**You can contact firstname.lastname@example.org for corporate training or group training if you have more than 5 people.
This five week course is an introduction to data analysis with the Python programming language, and is aimed at beginners.
Project Demo Day and Certificates
From the rudimentary building blocks of programming basics, to data manipulation and use of advanced drawing packages, the course ends with a demonstration of a project of your choice on Project Demo Day. On Demo Day you will access and analyze real data, utilizing the tools and skill sets taught to you throughout the course. Upon successful completion of the course and demonstration of your final project, you will qualify for one of three certificates: Extraordinary Standing, Honorable Graduation, and Active Participation.
Certificates are awarded according to your understanding, skill, and participation. No prerequisite needed for the course.
1. Do I have to do three weeks project? Is it required for taking this class?
Students could choose to spend extra 3 weeks with the teaching crew to do a project of their own choices. We are happy to offer assistance and arrange presentation to demo their work.
2. Can I take class online if I am not in NYC?
You can take it onsite or through recorded sessions on Youtube and get timely assistance from teaching crew by google hangout or Skype.
3. If I have to miss some session, how can I make it up?
We record all of our classes and make it available for students right after each class. If you miss a class, you can also get extra help such as office hour or internet support through google hangout or Skype.

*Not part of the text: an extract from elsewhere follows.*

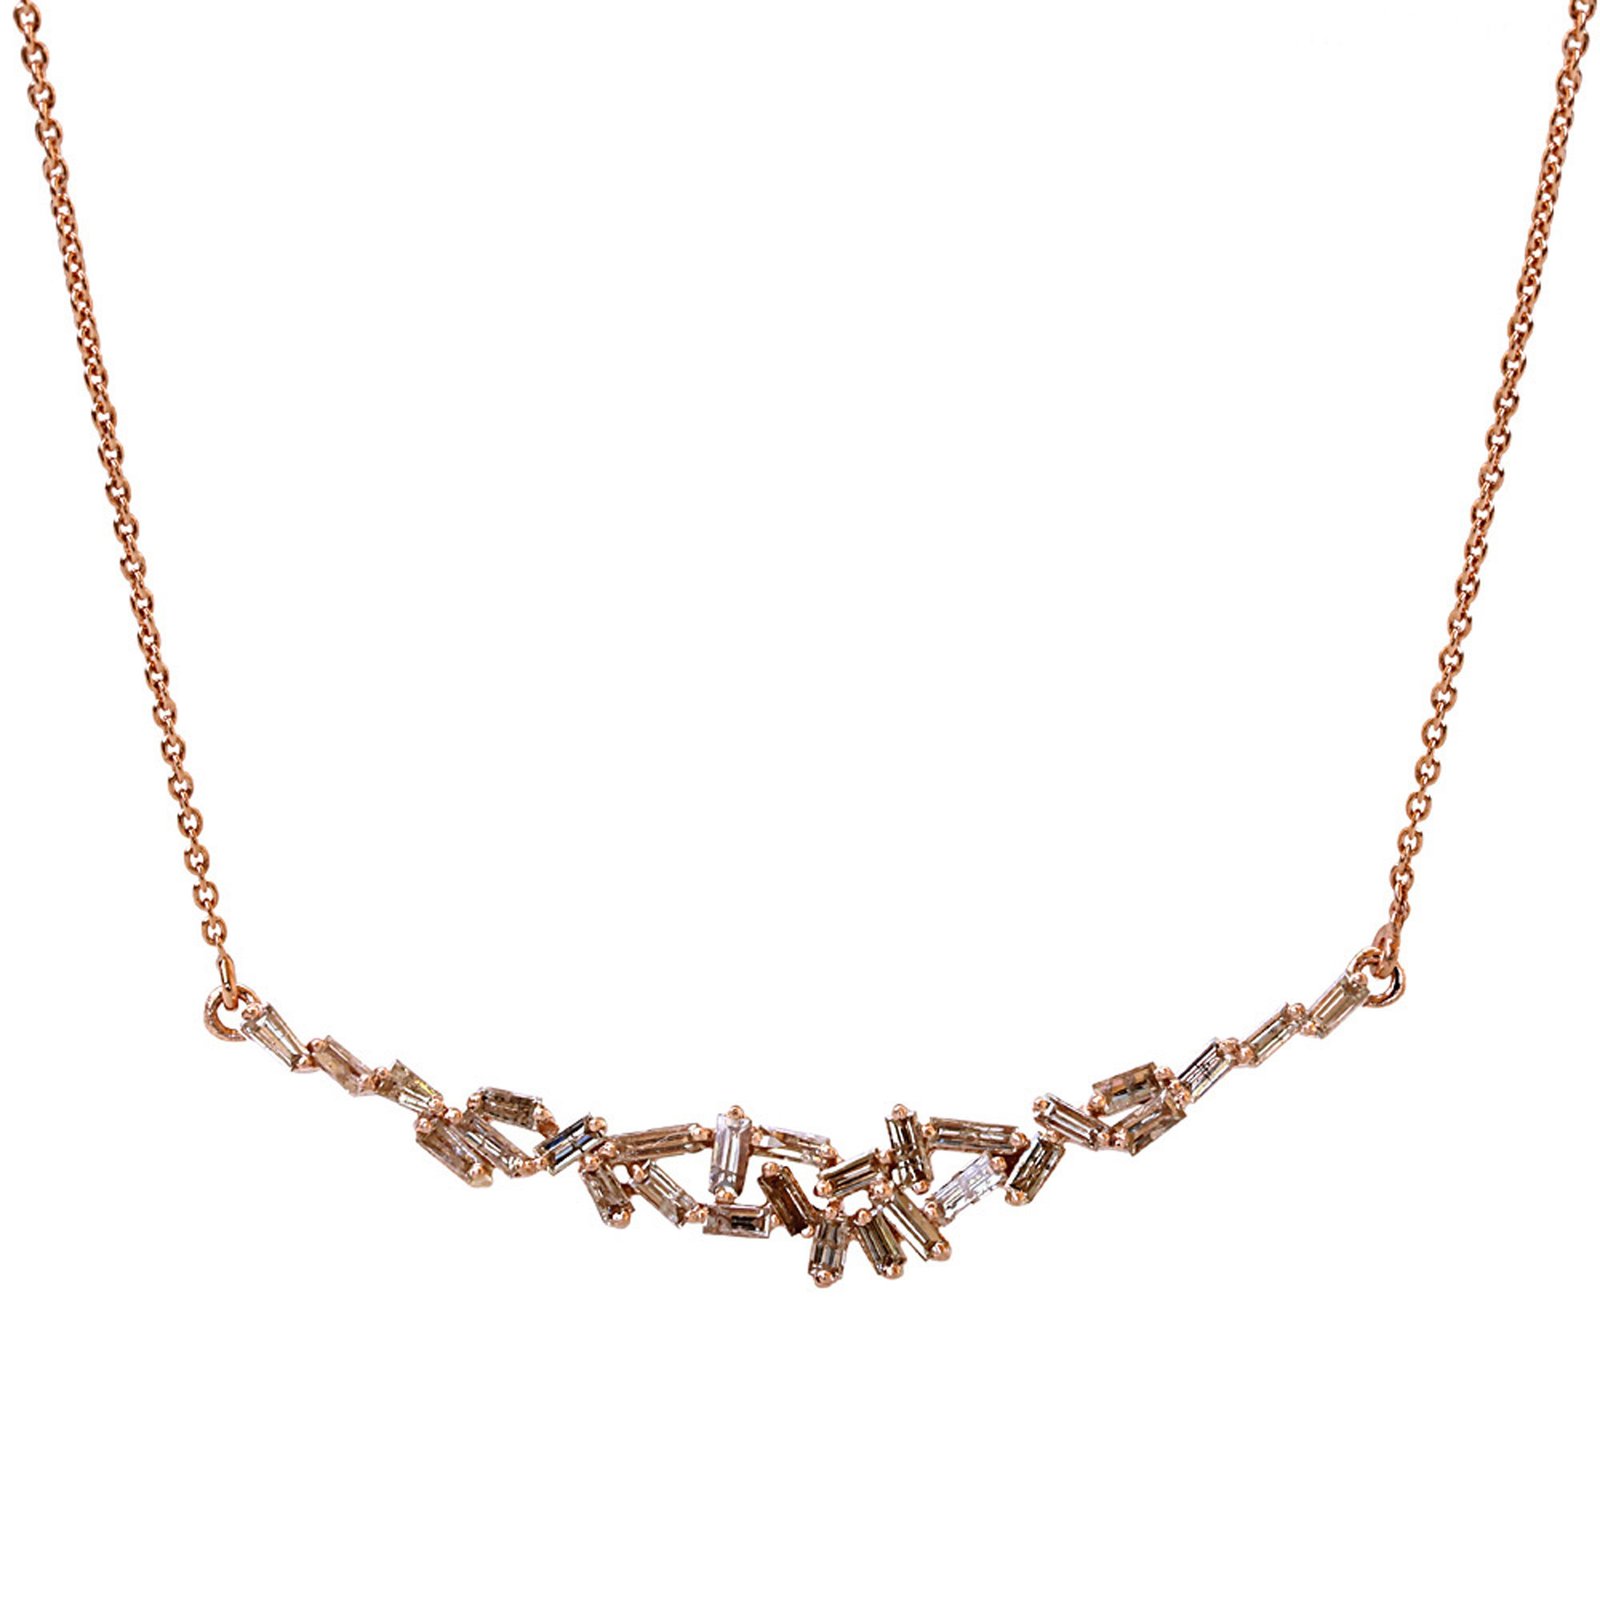 Real diamond baguette necklace, 18k solid gold chain jewelry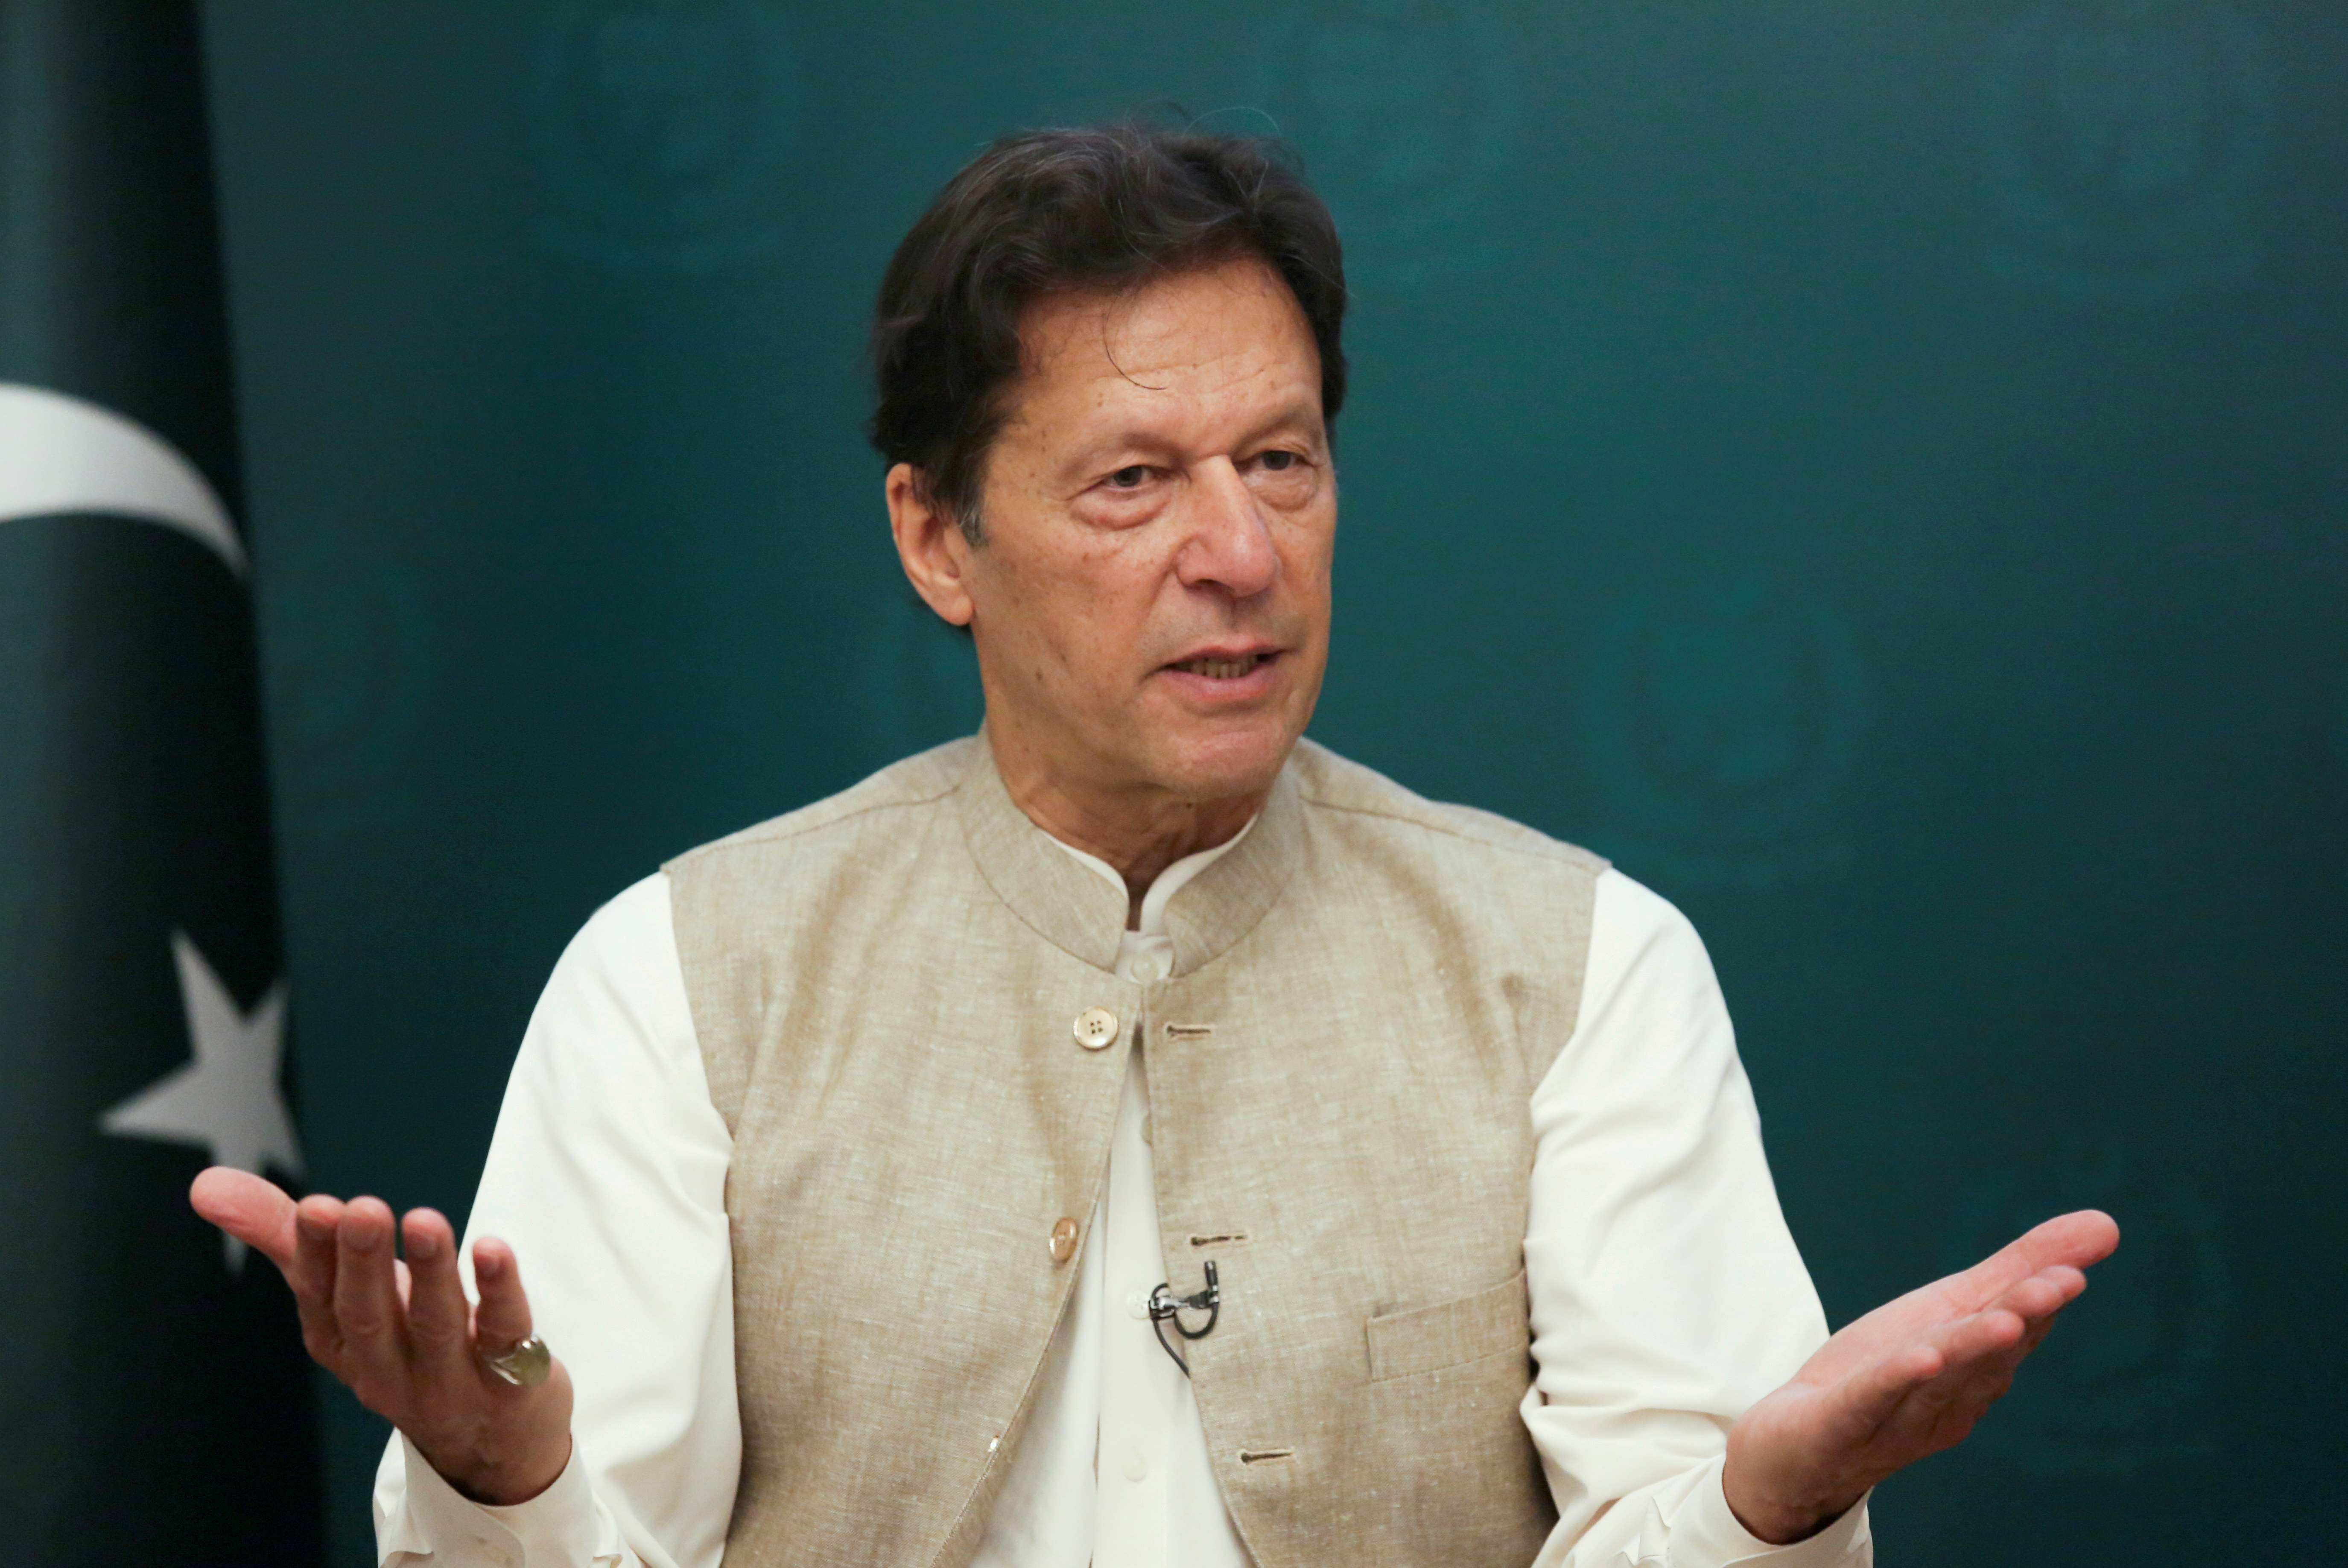 Pakistan's Prime Minister Imran Khan gestures during an interview with Reuters in Islamabad, Pakistan, June 4, 2021. REUTERS/Saiyna Bashir/File Photo

Day 1 – Introduction to Python
Python is a high-level programming language.You will learn the basic syntax and data structures in Python. Ipython provides a robust and productive environment for interactive and exploratory computing, which is great tool to do scientific computation and education.
Introduction to Ipython
Basic objects in Python
Variables and self-defining functions
Advanced data structures
Day 2 – Explore deeper with Python
Python is a object-oriented programming language. Learn a little about OOP will help you understand how Python codes work. To do data analysis, the first thing you need to know is how to deal with files which contains data. Sometime the data is dirty and unstructured, you will learn text processing including regular expressions to deal with them.
Classes: introduction to object-oriented programming
How to deal with files
Run Python scripts
Handling and processing strings
Day 3 – Scientific computation tools
There are three modules for scienticfic computation that make Python as powerful as Matlab: Numpy, Matplotlib and Scipy. Numpy, short for Numerical Python, is the foundational package for scientific computing in Python. Matplotlib is the most popular Python library for producing plots and other 2D data visualizations. SciPy is a collection of packages addressing a number of different standard problem domains in scientific computing.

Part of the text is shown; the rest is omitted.